EWL is investing millions of dollars over the next 36 months to complete the final integration and delivery of Earthquake Early Warning to individual consumers, government entities, and commercial users.
EWL’s mission is to improve, expand, and lower the costs of the existing earthquake early warning systems.
EWL is developing a robust cloud server environment to handle low-cost mass distribution of these warnings. In addition, Early Warning Labs is researching and developing automated response standards and systems that allow public and private users to take pre-defined automated actions to protect lives and assets.
EWL has an existing beta R&D test system installed at one of the largest studios in Southern California. The goal of this system is to stress test EWL’s hardware, software, and alert signals while improving latency and reliability.
Earthquake Early Warning Introduction
The United States Geological Survey (USGS), in collaboration with state agencies, university partners, and private industry, is developing an earthquake early warning system (EEW) for the West Coast of the United States called ShakeAlert. The USGS Earthquake Hazards Program aims to mitigate earthquake losses in the United States. Citizens, first responders, and engineers rely on the USGS for accurate and timely information about where earthquakes occur, the ground shaking intensity in different locations, and the likelihood is of future significant ground shaking.
The ShakeAlert Earthquake Early Warning System recently entered its first phase of operations. The USGS working in partnership with the California Governor’s Office of Emergency Services (Cal OES) is now allowing for the testing of public alerting via apps, Wireless Emergency Alerts, and by other means throughout California.
ShakeAlert partners in Oregon and Washington are working with the USGS to test public alerting in those states sometime in 2020.
ShakeAlert has demonstrated the feasibility of earthquake early warning, from event detection to producing USGS issued ShakeAlerts ® and will continue to undergo testing and will improve over time. In particular, robust and reliable alert delivery pathways for automated actions are currently being developed and implemented by private industry partners for use in California, Oregon, and Washington.
Earthquake Early Warning Background
The objective of an earthquake early warning system is to rapidly detect the initiation of an earthquake, estimate the level of ground shaking intensity to be expected, and issue a warning before significant ground shaking starts. A network of seismic sensors detects the first energy to radiate from an earthquake, the P-wave energy, and the location and the magnitude of the earthquake is rapidly determined. Then, the anticipated ground shaking across the region to be affected is estimated. The system can provide warning before the S-wave arrives, which brings the strong shaking that usually causes most of the damage. Warnings will be distributed to local and state public emergency response officials, critical infrastructure, private businesses, and the public. EEW systems have been successfully implemented in Japan, Taiwan, Mexico, and other nations with varying degrees of sophistication and coverage.
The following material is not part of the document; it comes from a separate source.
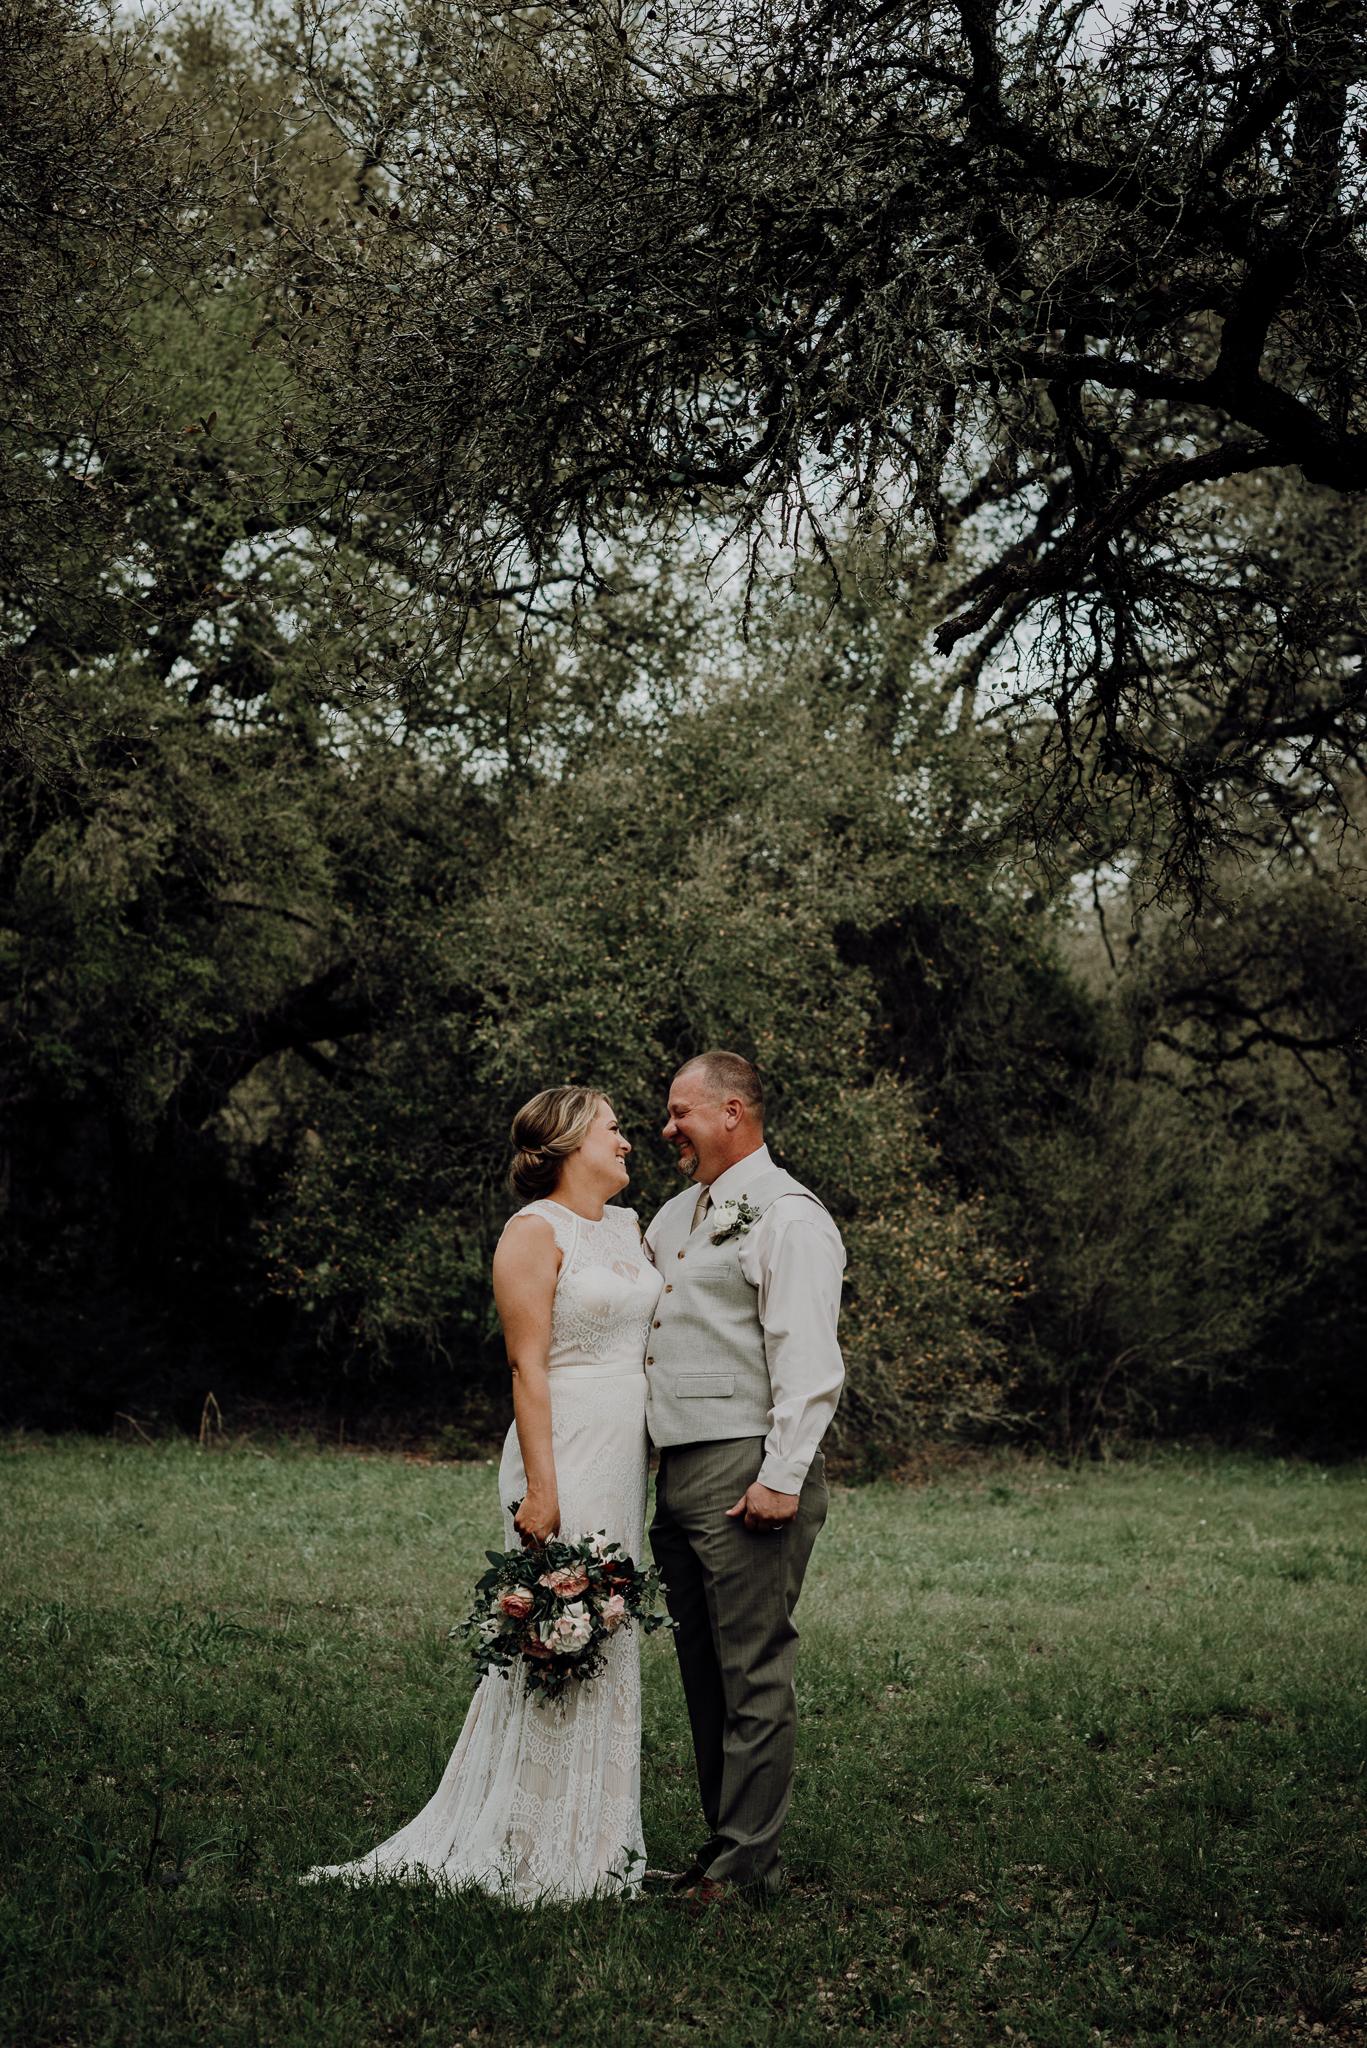 kristen giles photography | texas-wedding-elopement-photographer-Duchman Winery-Austin TX-22-blog.jpg
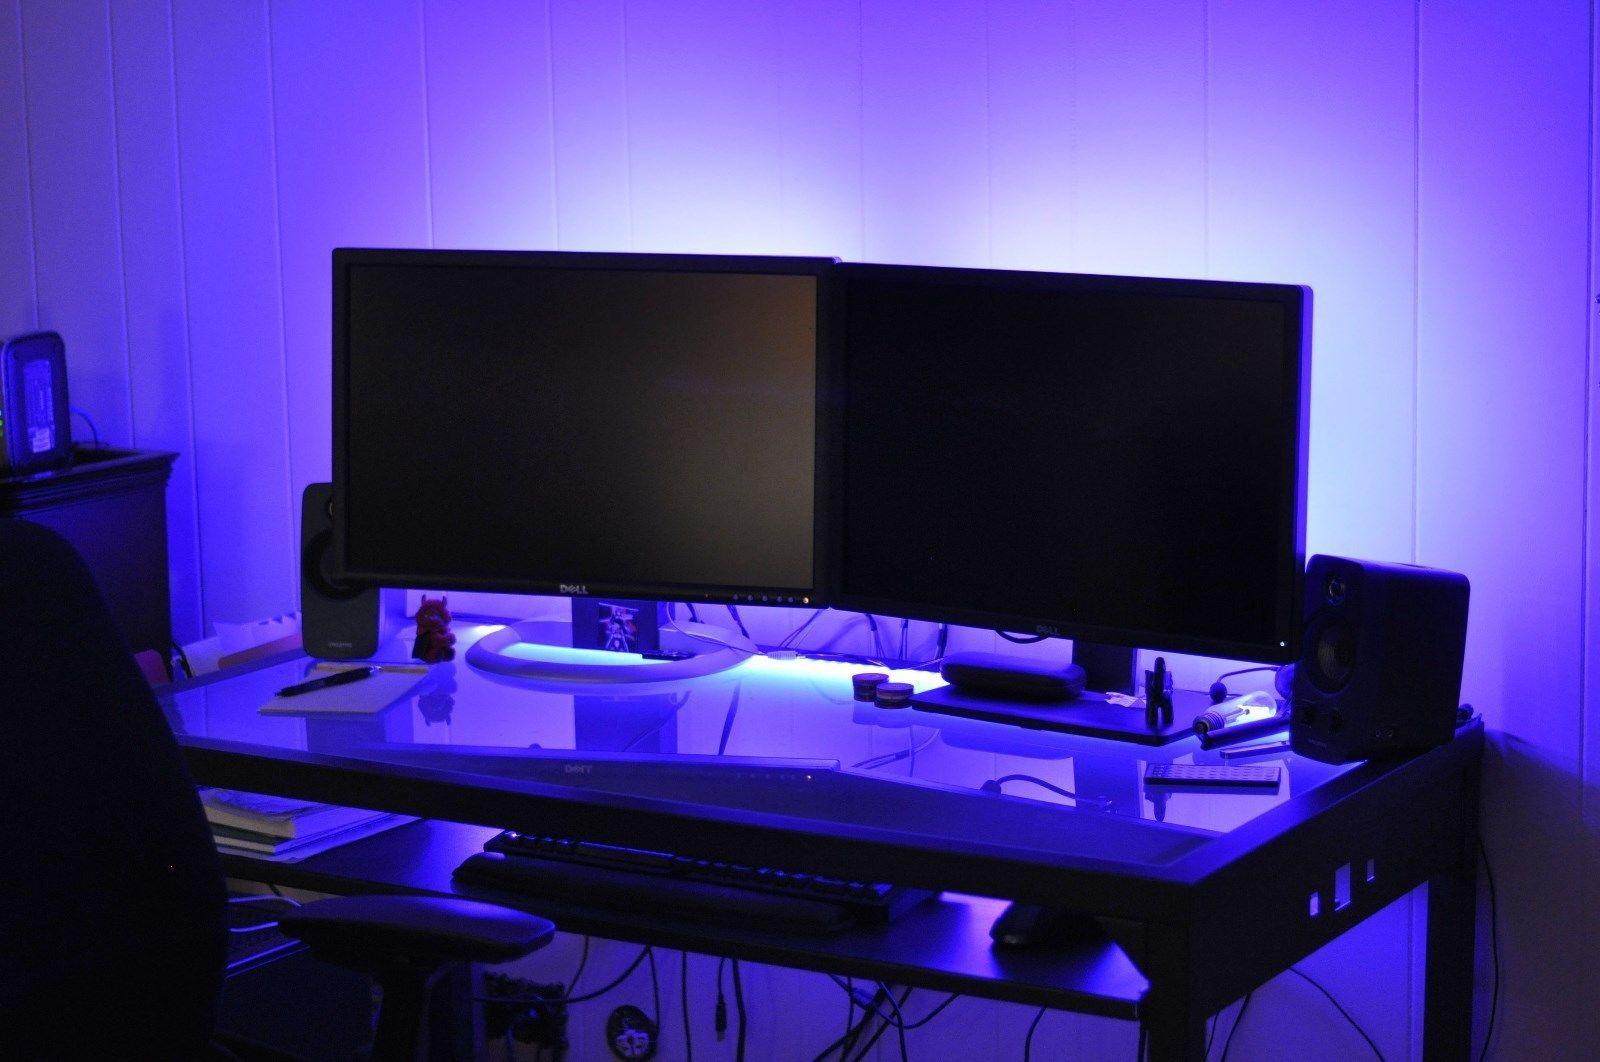 Gaming LED lights _______ Gamer Desk Lights great Christmas GIFT 2015 Christmas

Earthquake early warning can provide enough time to:
Instruct students and employees to take a protective action such as Drop, Cover, and Hold On
Initiate mass notification procedures
Open fire-house doors and notify local first responders
Slow and stop trains and taxiing planes
Install measures to prevent/limit additional cars from going on bridges, entering tunnels, and being on freeway overpasses before the shaking starts
Move people away from dangerous machines or chemicals in work environments
Shut down gas lines, water treatment plants, or nuclear reactors
Automatically shut down and isolate industrial systems
However, earthquake warning notifications must be transmitted without requiring human review and response action must be automated, as the total warning times are short depending on geographic distance and varying soil densities from the epicenter.